Your subject line reminded me of _What's the title of this book?_ by Raymond Smullyan. I don't know what her tastes run to, but if you think she'd be at all interested in logic puzzles doubling up (IIRC - it's been 35+ years since I worked through it) as an introduction to Kurt Gödel's work on incompleteness (and if you can get a copy - it was first printed in 1978, I think), that's an option.
How old is she? Although anything by Diana Wynne Jones is hereby recommended. All my daughters (ages: 15, 20 and 22) (re-)read Charmed Life this summer.
I've just foisted Seanan McGuire's Wayward Children series on Youngest, who is a similar age. I've lent all of the Murderbot series to one of their school mates. Also lent The Raven Tower (Anne Leckie), This is How You Lose The Time War by Amal El-Mohtar and Max Gladstone, We have always been here (memoir) by Samra Habib, Middlegame by Seanan McGuire (horror).
Thinking about what I've recently read that are recently published work:
I quite liked Kalynn Bayron's This Poison Heart, which is book one and ends on quite the cliff hanger. I don't remember if there are necessary content warnings. I'm very fond of the work of Nino Cipri, who has a two novella series very loosely based on IKEA - not recommended if body horror is going to be an issue. Deeplight by Frances Hardinge is another YA with body horror. For transformative works leaning towards horror, Christina Henry's recent works (specifically the Mermaid and the Peter Pan ones) might do
Possibly on the young side Glassheart by Katherine Orton.
I adored The Left-Handed Booksellers of London by Garth Nix, but while I think it was marketed as YA, it isn't really.
In graphic novels You Brought Me the Ocean by Alex Sanchez is a good reworking of a superhero origin story with some really interesting coming of age details. I like some of Tillie Walden's work, but an anti-rec for Are You Listening which looks like it should be a great coming of age story, but both Youngest and I shrugged at each other about what the story actually was. Kiss Number 8 by Colleen Venable, on the other hand, was a fabulous coming of age and coming out story. And Snapdragon by Kat Leyh might also work, although it might be aimed at slightly younger readers.
Looks like I've not been reading much YA fantasy (or in fact, fantasy at all) to rave about. Katherine Arden's Bear and the Nightingale trilogy maybe? I haven't had the energy to go back and read the last one.
Books acquired recently because I'm reading a lot of good things include Iron Widow(Xiran Jay Zhao), She Who Became the Sun (Shelley Parker-Chan), The Ones We're Meant to Find (Joan He).

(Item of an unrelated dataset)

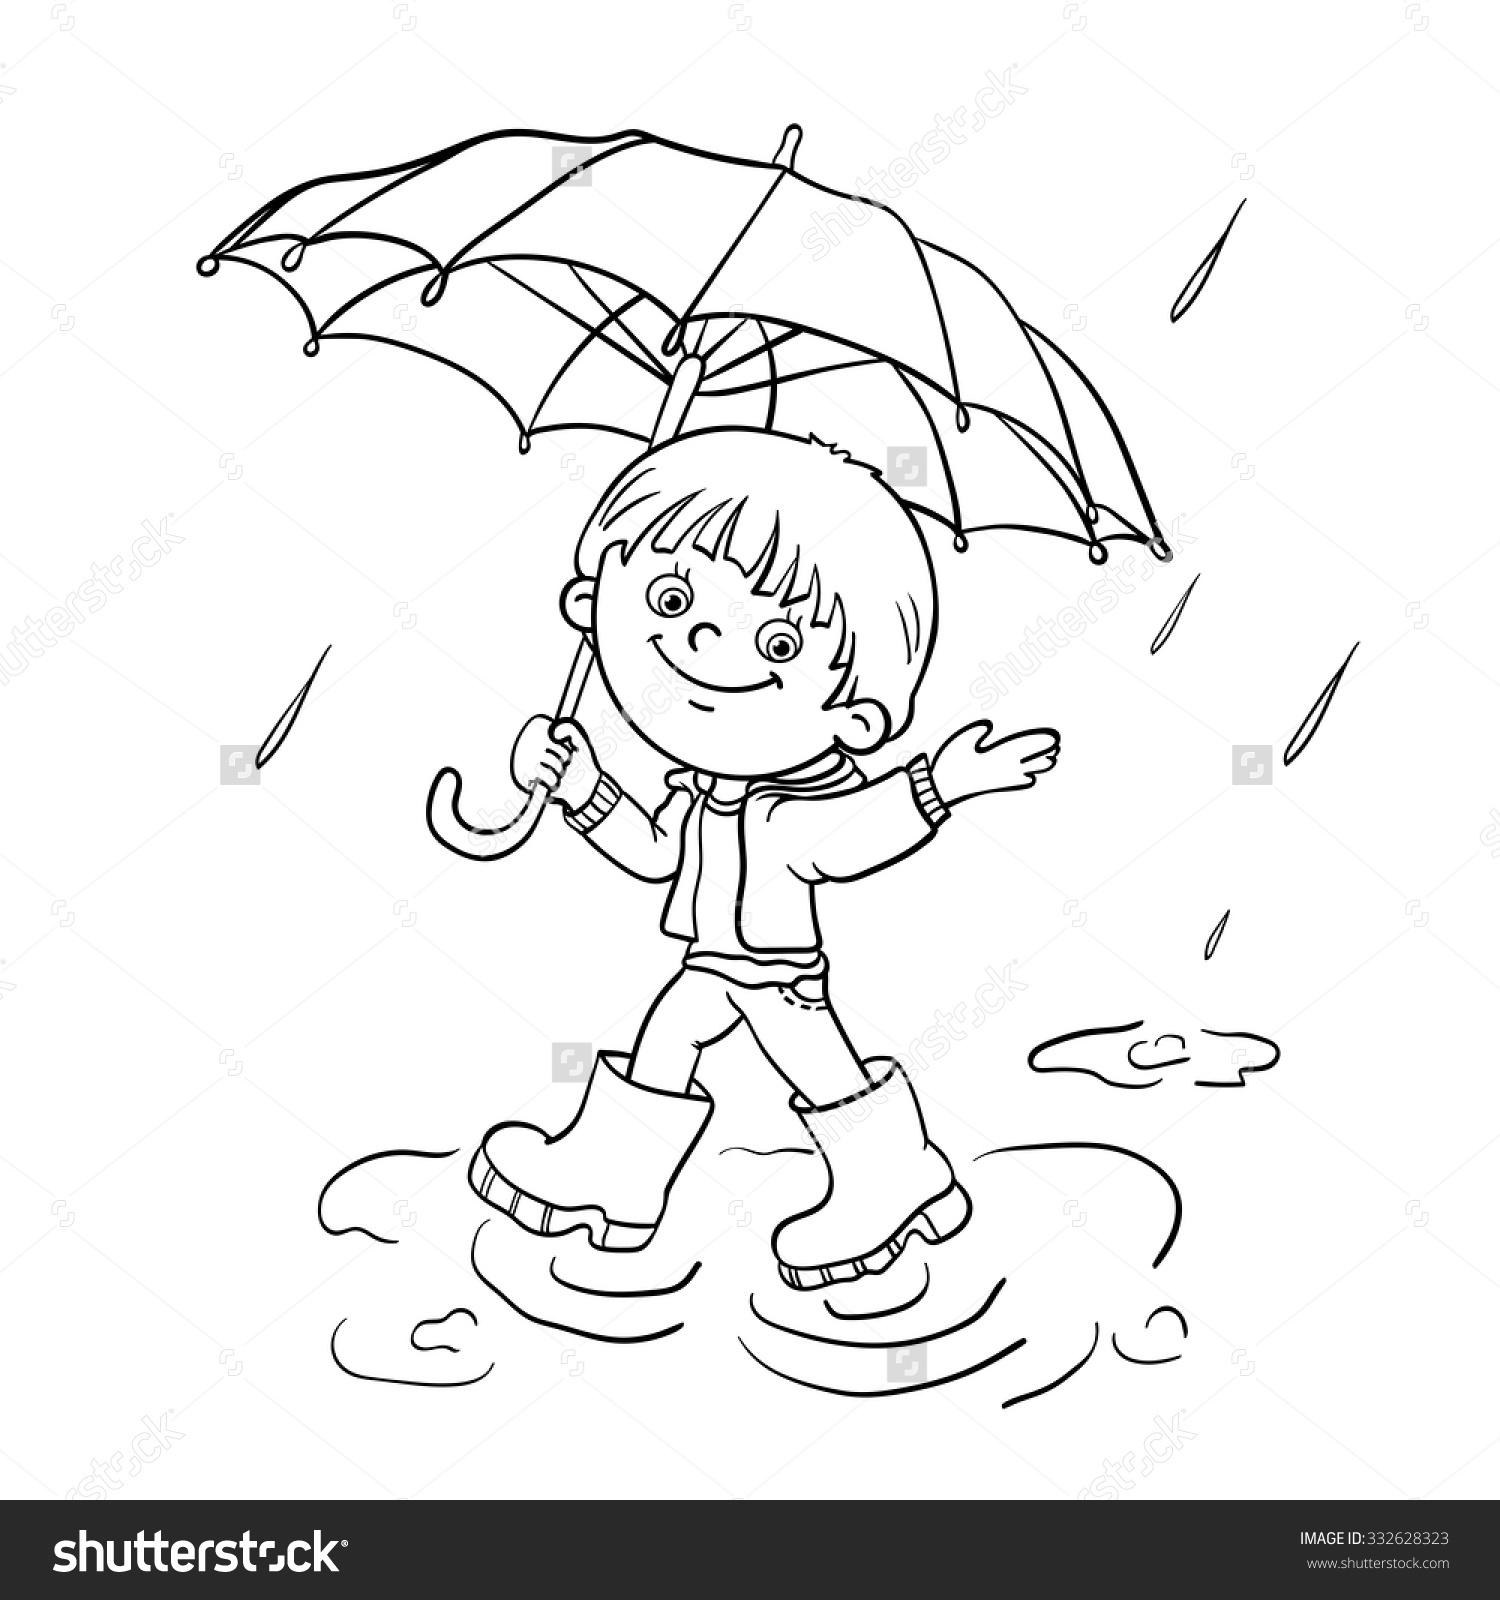 Rain Drawing At Getdrawings

Slightly older option is the The Tribe trilogy by Amebellin Kwaymullina (The Interrogation of Ashala Wolf is the first) which is a unusual post-apocalyptic Australia YA story by an Indigenous writer.
... and now I will stop, because I could go a long way down this rabbit hole.

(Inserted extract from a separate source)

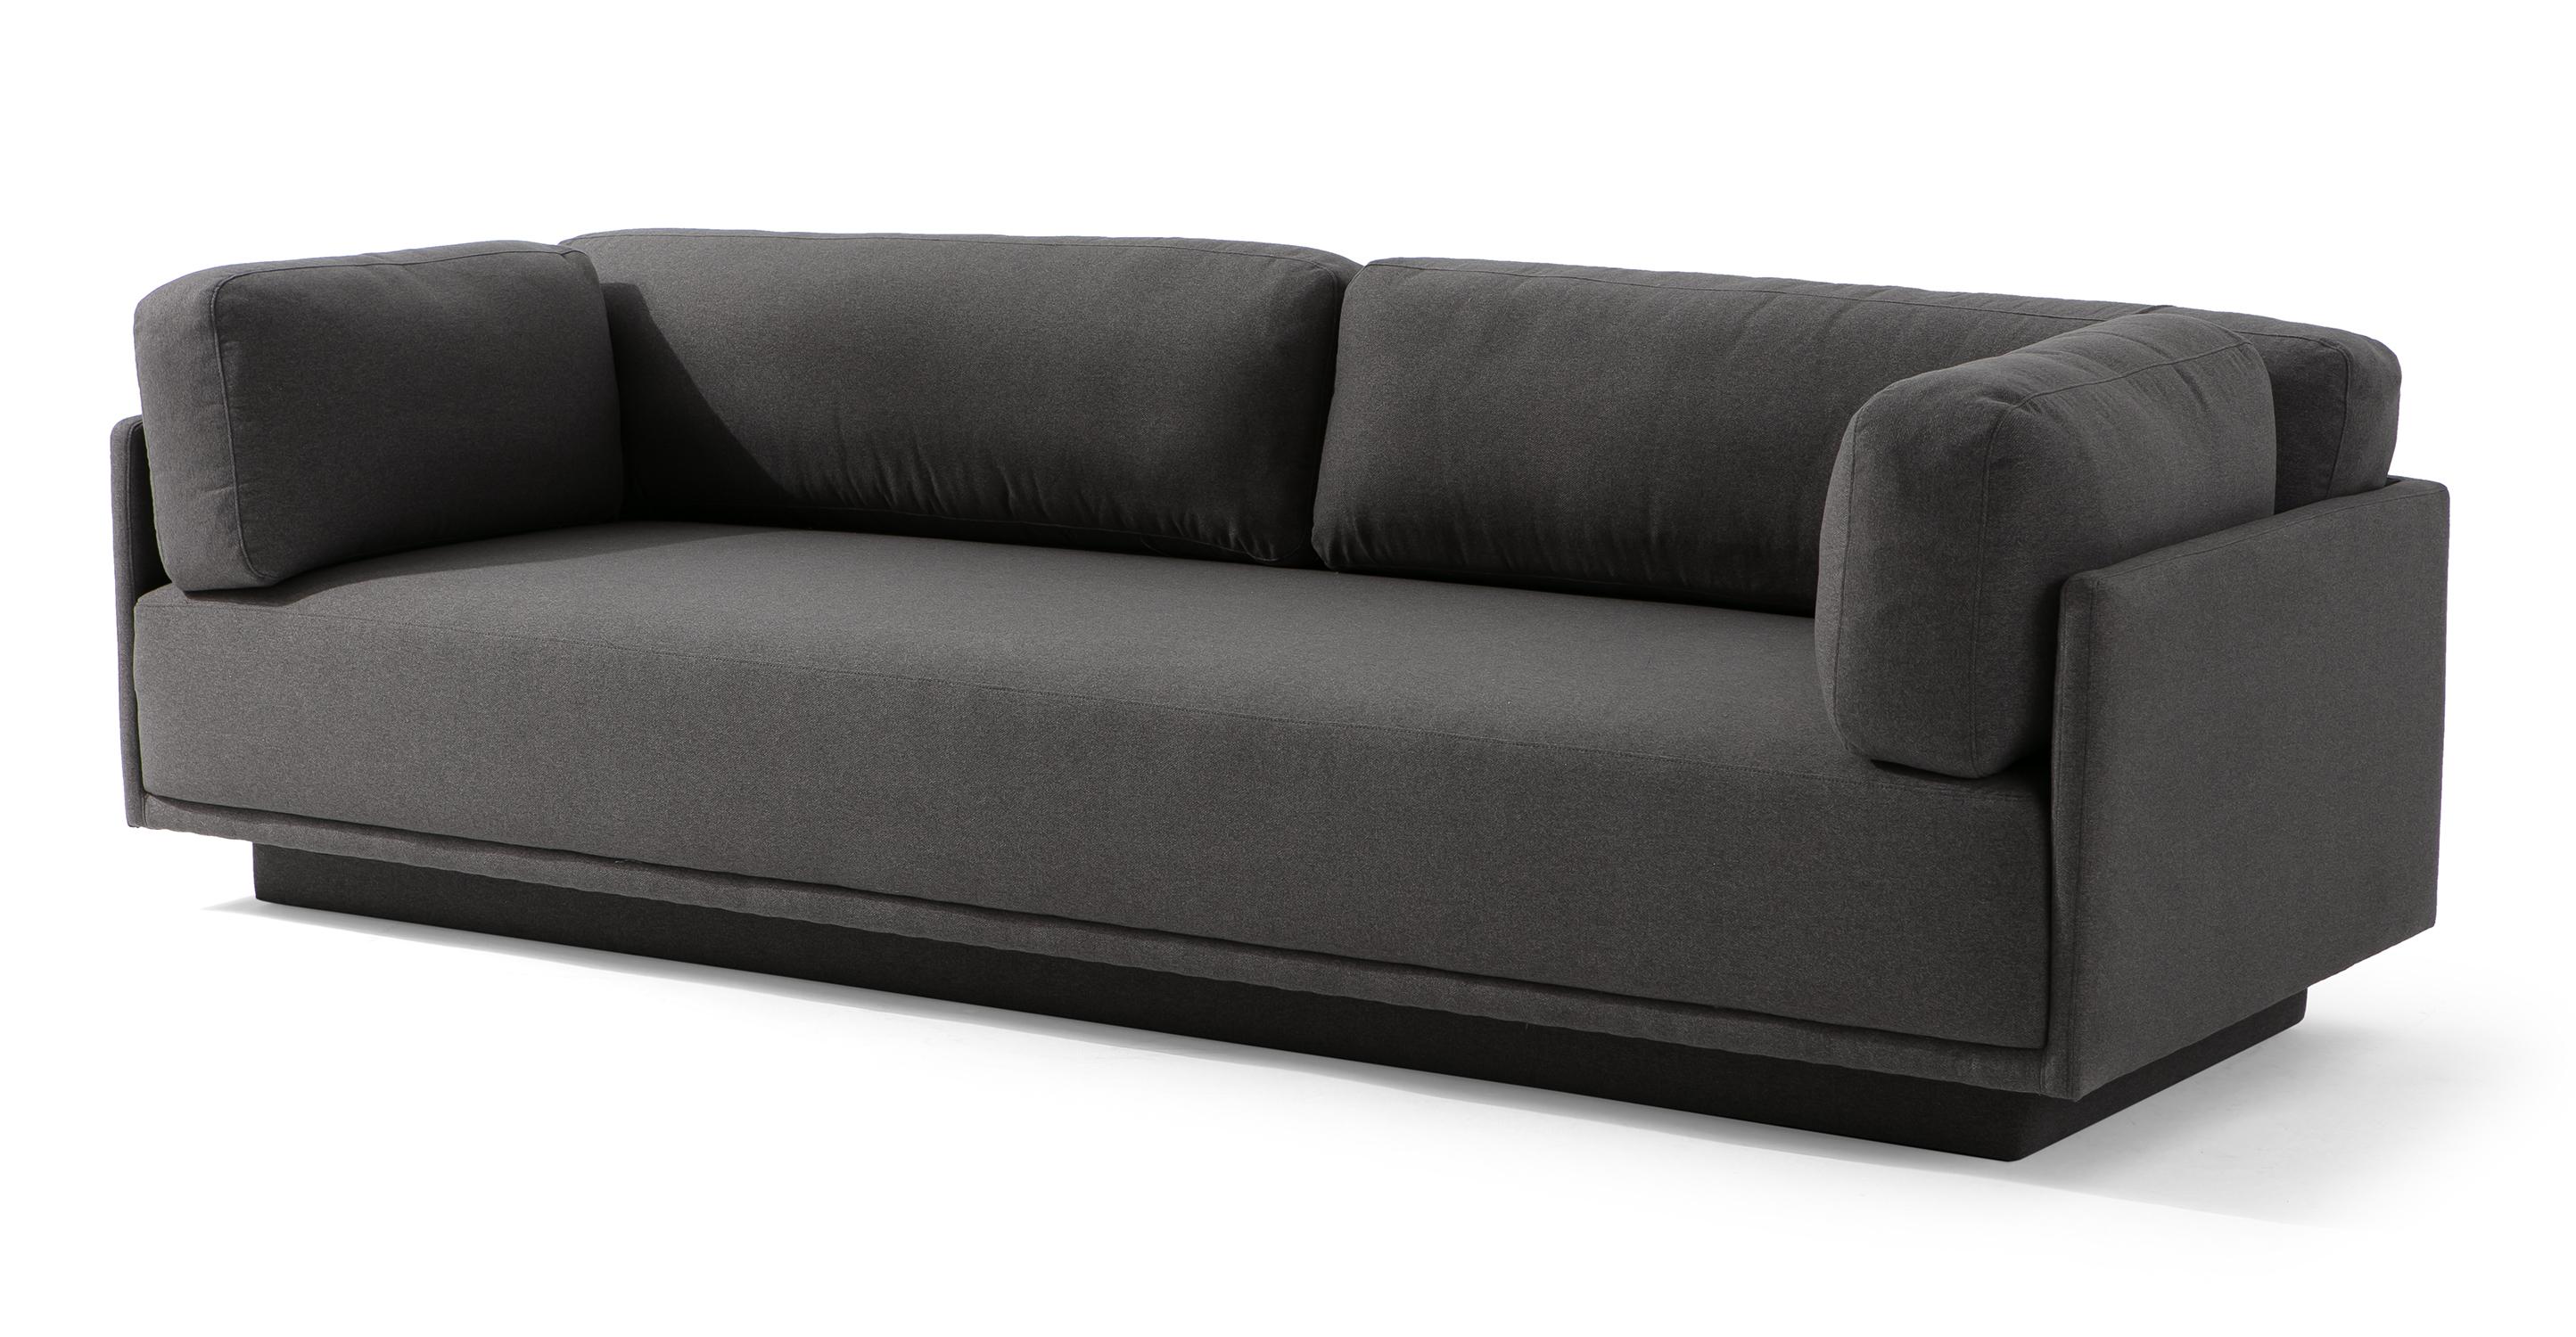 "Cribb XL 102"" Fabric Sofa, Timberwolf"

(and then I got Youngest to proof read and add comments, before I hit post) Youngest says that they have more graphic novel suggestions, but in particular the four books of Khaos Komix by Tab Kimpton (previously available from https://www.discordcomics.com/Shop/prestashop/12-khaos-komix, but all listed as out of stock)and Check Please (Ngozi Ukazu) which is in two published volumes.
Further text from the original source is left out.